De par son activité et l'accroissement de ses collections, le musée est classé dans la 1ère catégorie des musées de France dès 1969. Ses collections s'enrichissent très rapidement. Le 29 août 1963, la société Olona fait un premier dépôt au musée, puis l'arrêté ministériel du 21 décembre 1964 en autorise un second provenant des collections du musée des Arts et Traditions Populaires.

La première donation d'importance est la collection du docteur Marcel Baudouin : elle comprend du mobilier de fouilles archéologiques, plusieurs milliers de plaques photographiques et un important fonds bibliographique. L'orientation muséographique est fortement axée sur la préhistoire et la protohistoire entre Loire et Gironde, avec notamment l'aide de l'archéologue Roger Jousseaume et la création d'un dépôt de fouilles au sein de l'établissement en 1972.
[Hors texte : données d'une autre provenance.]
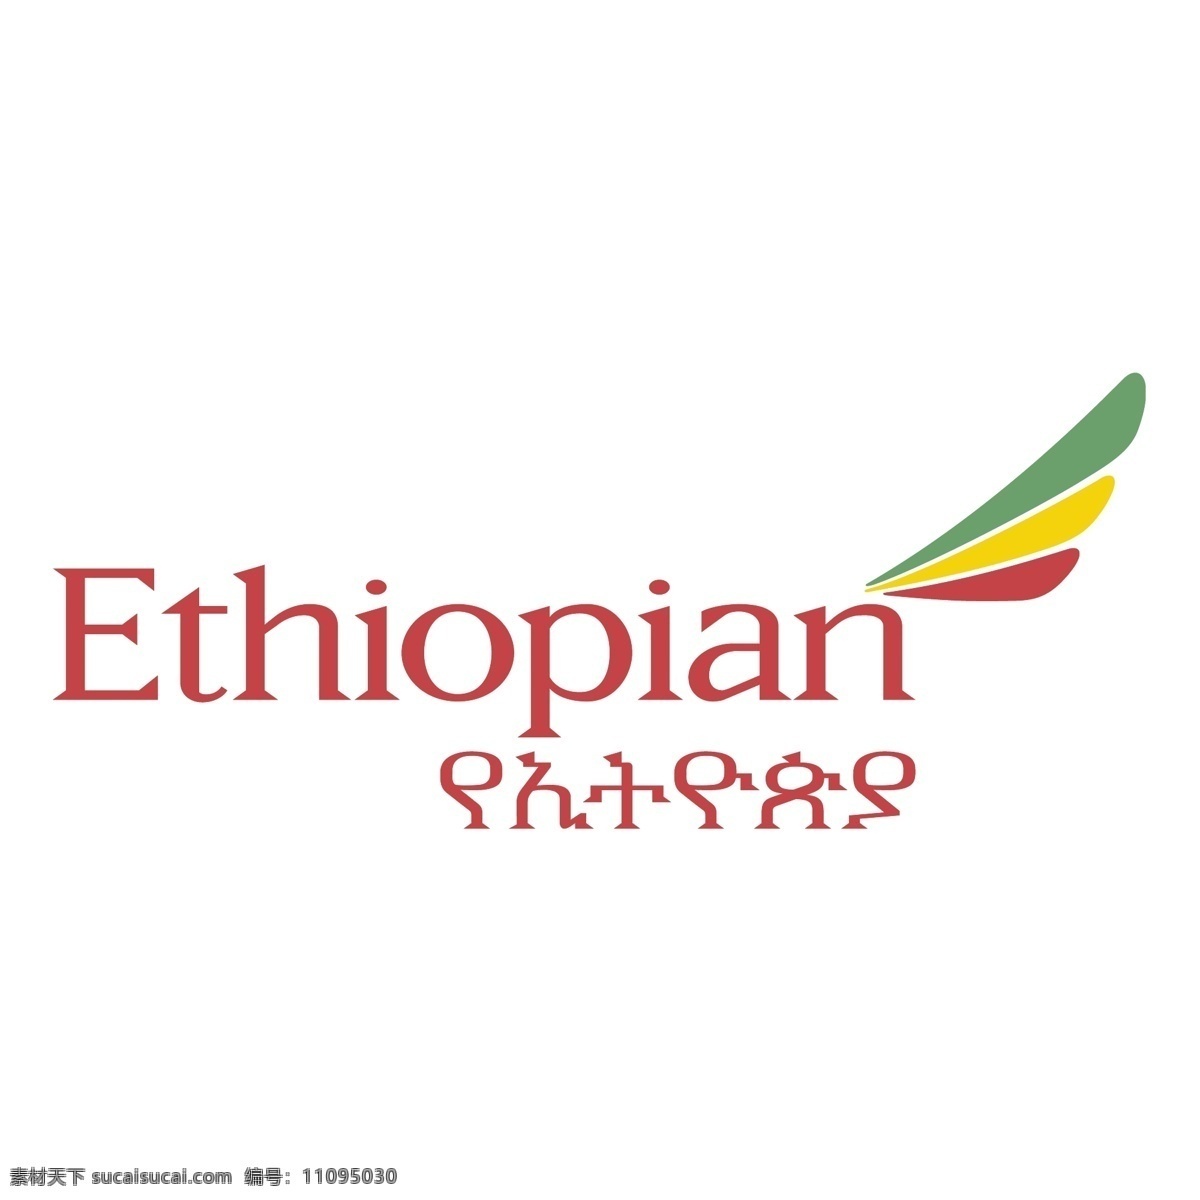 埃塞俄比亚 航空公司 免费 标志 psd源文件 logo设计

La première exposition temporaire (plus de 200 à ce jour) a lieu du 1er août au 10 septembre 1963 : intitulée "Les Sables et la Mer", elle est organisée conjointement par le Musée des Sables, la société Olona et la Ligue Maritime d'Outre Mer. Suivent "Peintures des grottes d'Ajanta", "Photographies du Marais Vendéen", "Coiffes et costumes de la Vendée" (1964) et "Cartes et plans des côtes et des ports du Poitou, du XVIème au XVIIIème siècle" (1965).

Photo. Jacques Coudray

En 1966, le musée s'oriente vers l'art moderne et contemporain avec l'exposition "Rétrospective Jules Lefranc". C'est aussi cette année-là que la première oeuvre de Gaston Chaissac, le totem Y'a d'la joie ou Anatole (1960) entre dans les collections, annonçant les deux donations majeures qui seront faites ensuite par Camille, l'épouse, puis par Annie Chaissac-Raison, la fille de l'artiste. En 1969, une première exposition lui est consacrée, suivie en 1973 de la création d'une salle qui lui est entièrement dédiée. L'inflexion en faveur de l'art contemporain est lancée et sera confortée par l'action des conservateurs successifs. Michel Ragon est l'invité du musée en 1969, puis Jean Hélion, Michel Moy, François Lunven. En 1973, la parution du n°1 des Cahiers de l'Abbaye Sainte-Croix est consacrée à l'artiste Henri Dimier.

En 50 ans, les collections du Musée se sont considérablement enrichies, autour des oeuvres de Gaston Chaissac, de Victor Brauner, de Paul-Émile Pajot et de nombreux autres artistes majeurs. Elles rassemblent aujourd'hui plus de 7 000 oeuvres, réparties en trois grands départements : l'art moderne et contemporain, le département marine et les arts graphiques.

Le musée de l'Abbaye Sainte-Croix fut l'un des premiers, après les musées de Grenoble ou de Saint-Étienne, et avant la création du Centre Georges Pompidou ou des Frac, à soutenir la création de son temps. Classé 124ème, il reste, au sein du Palmarès des musées publié par Le journal des Arts en 2011, parmi les musées d'arts du Xxème siècle "Petits mais costauds (...) dont les expositions temporaires à petit budget brillent par leur qualité".